Functions that produce nan/inf values #84

granawkins · 2022-08-06T05:05:58Z

Some of the operators we support will produce unusable values (nan or inf) in the course of normal use:

Operator	X == 0	X > 1e3	X < 0	X > 1
`/`	nan*
`**`		inf
`sqrt`	nan*		nan
`log`	-inf		nan
`log1p`			nan
`arcsin`				nan
`arccos`				nan

*We currently use helper functions for division and square root which ignore 0s.

What to do?

Here are 3 ideas:

Deal with them case-by-case.
- / and sqrt seem ok for now.
- log1p is a built-in function that extends log by ignoring 0s.

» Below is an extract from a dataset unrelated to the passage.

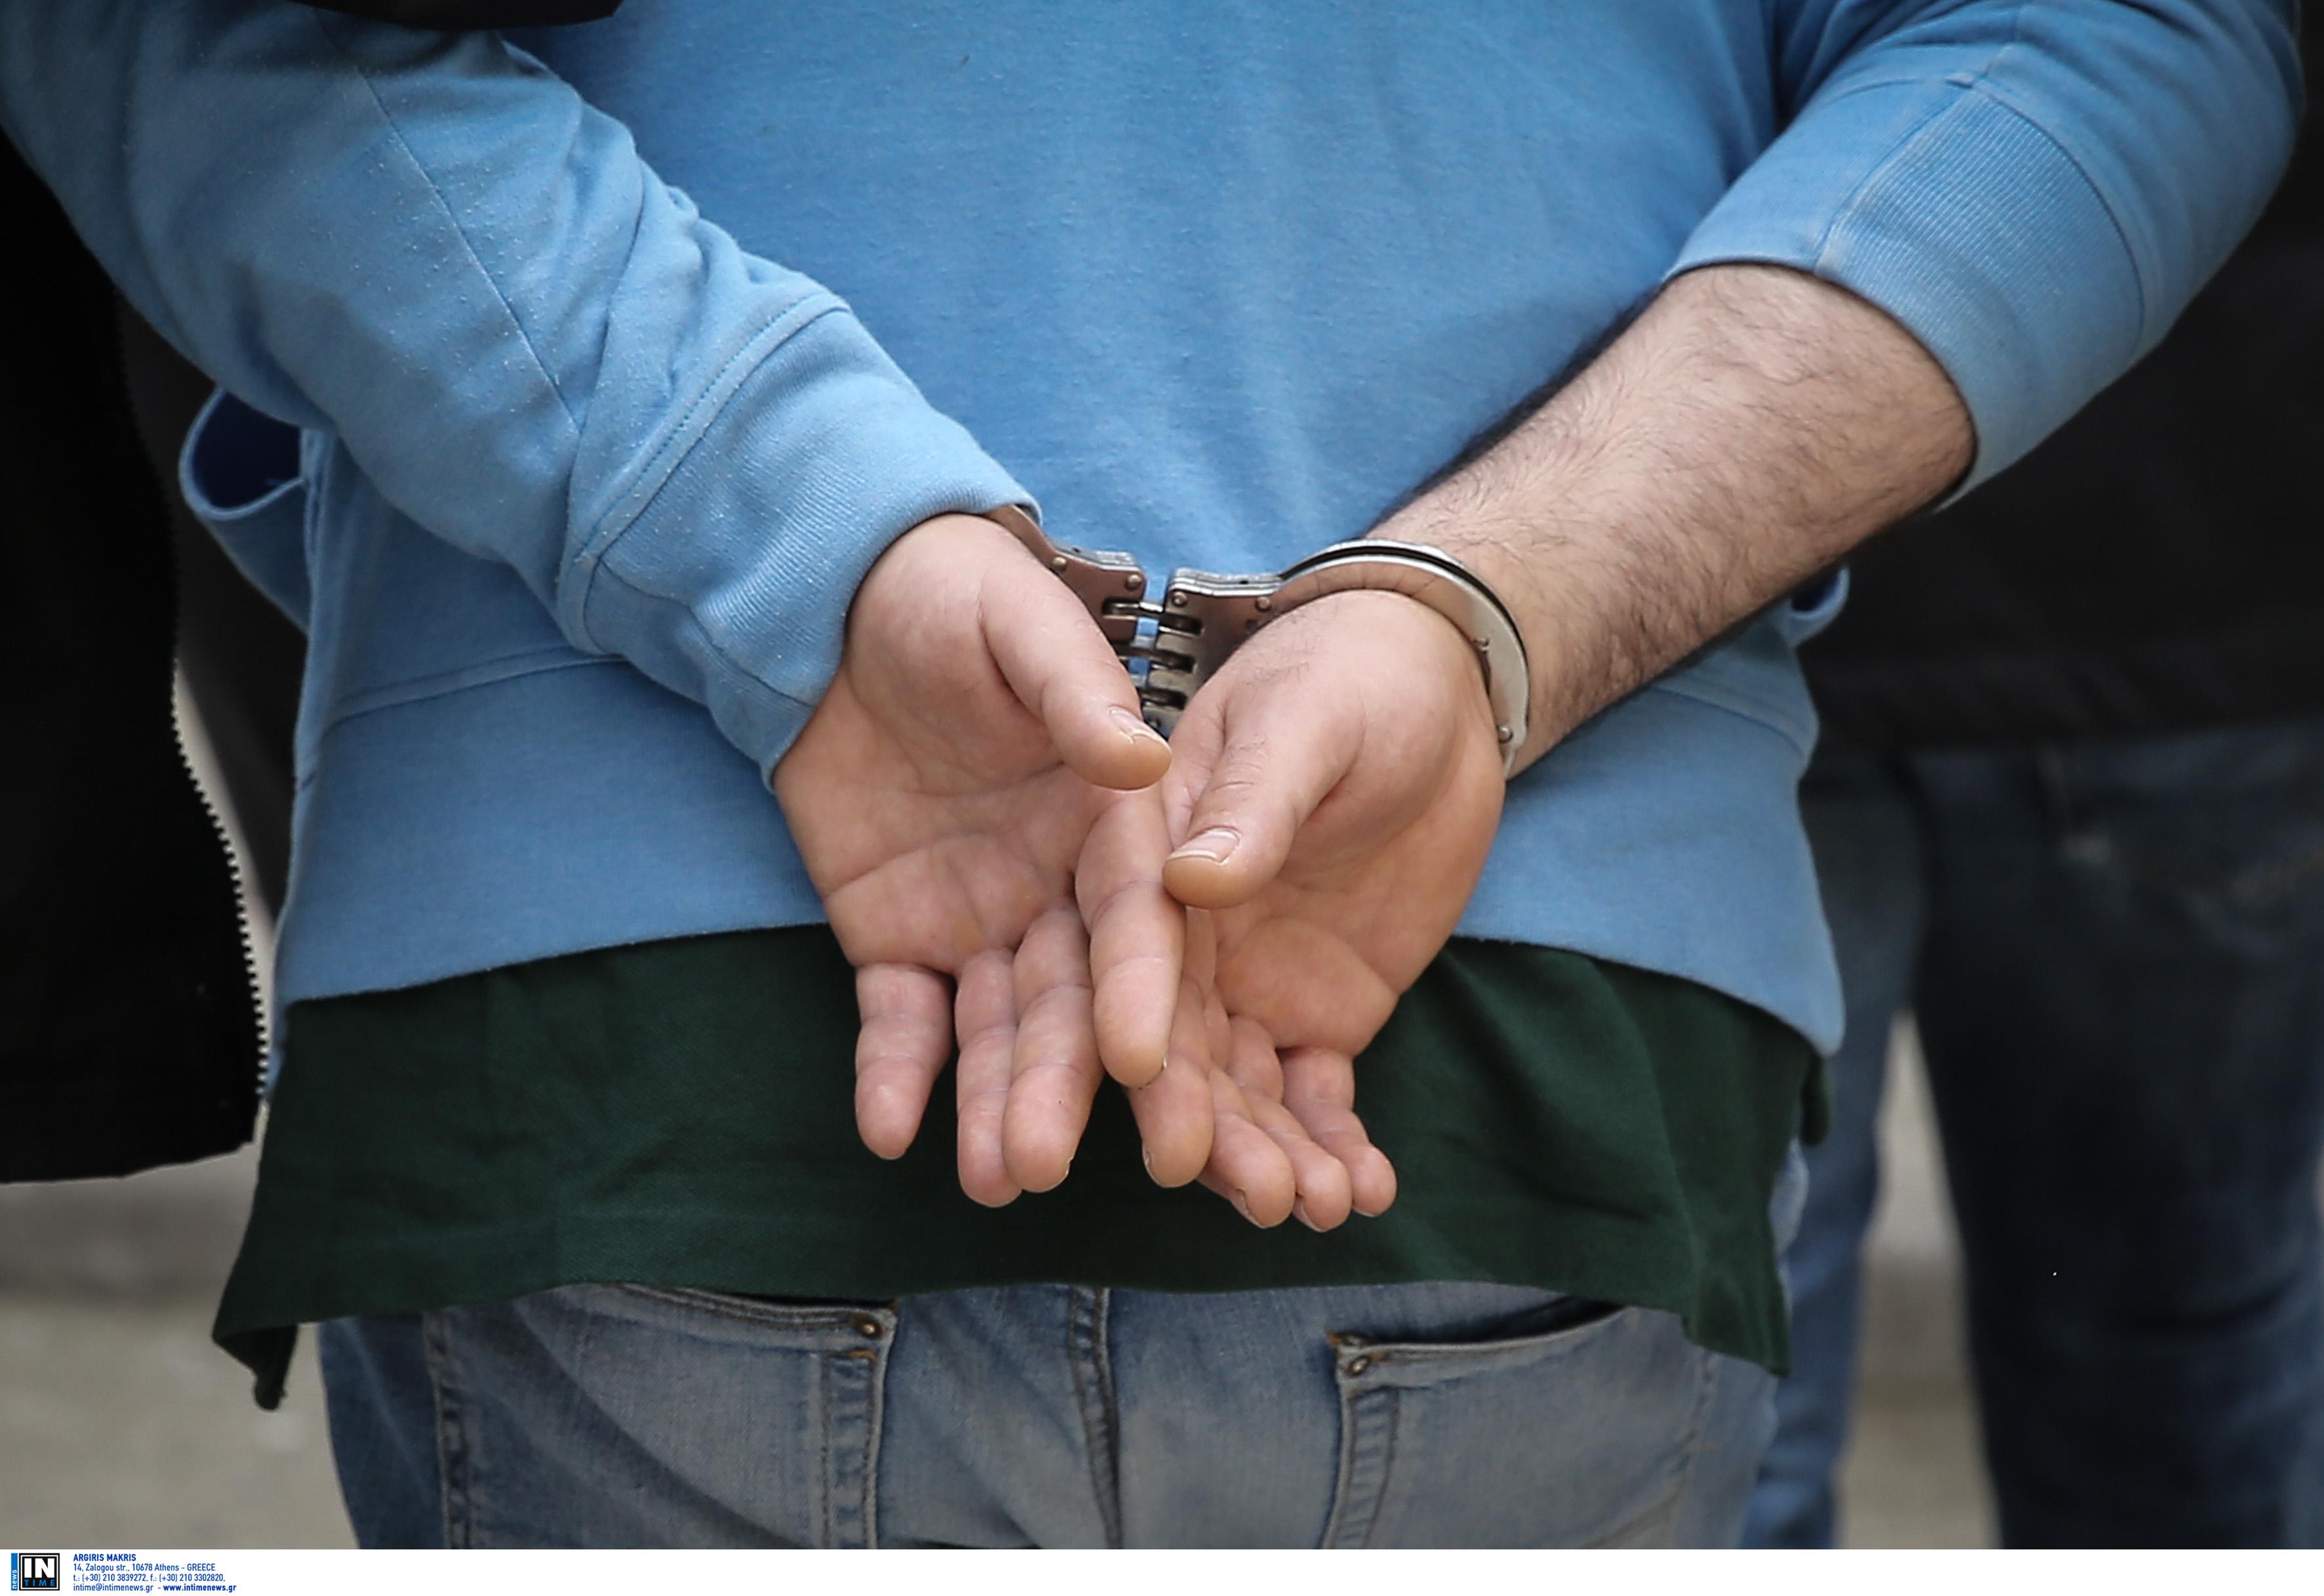 Πελοπόννησος: Βροχή συλλήψεων για ναρκωτικά, όπλα, ρευματοκλοπές και καταδικαστικές αποφάσεις!

We could add a helper which does sign(x) * log1p(abs(x)).
- arccos and arcsin are maybe rare enough, we could add a check in karoo.fit() when using them that -1 < X < 1, else raise a ValueError.
- That leaves **. X > 1e3 happens frequently with small numbers too when combined with other operators, e.g. 2 ** (1 / .001). Replacing with 0 is the simplest option, but it's a big nonlinearity (as X increases, outputs get exponentially larger and then drop to 0).
Accept a kwarg with a replacement value (e.g. 0) in the case that a nan and/or inf is produced. Basically like we do in the *'s above, for everything.
If and when a tree produces a nan or inf, just remove it from the gene pool and don't bother scoring it. This is basically the method used by swim, i.e. eliminate trees with less than the minimum number of nodes.

I lean toward 3.

The text was updated successfully, but these errors were encountered:

asksak · 2022-08-06T08:18:56Z

If idea 3 will be used consistently with all cases, then I think it would be best available resolution.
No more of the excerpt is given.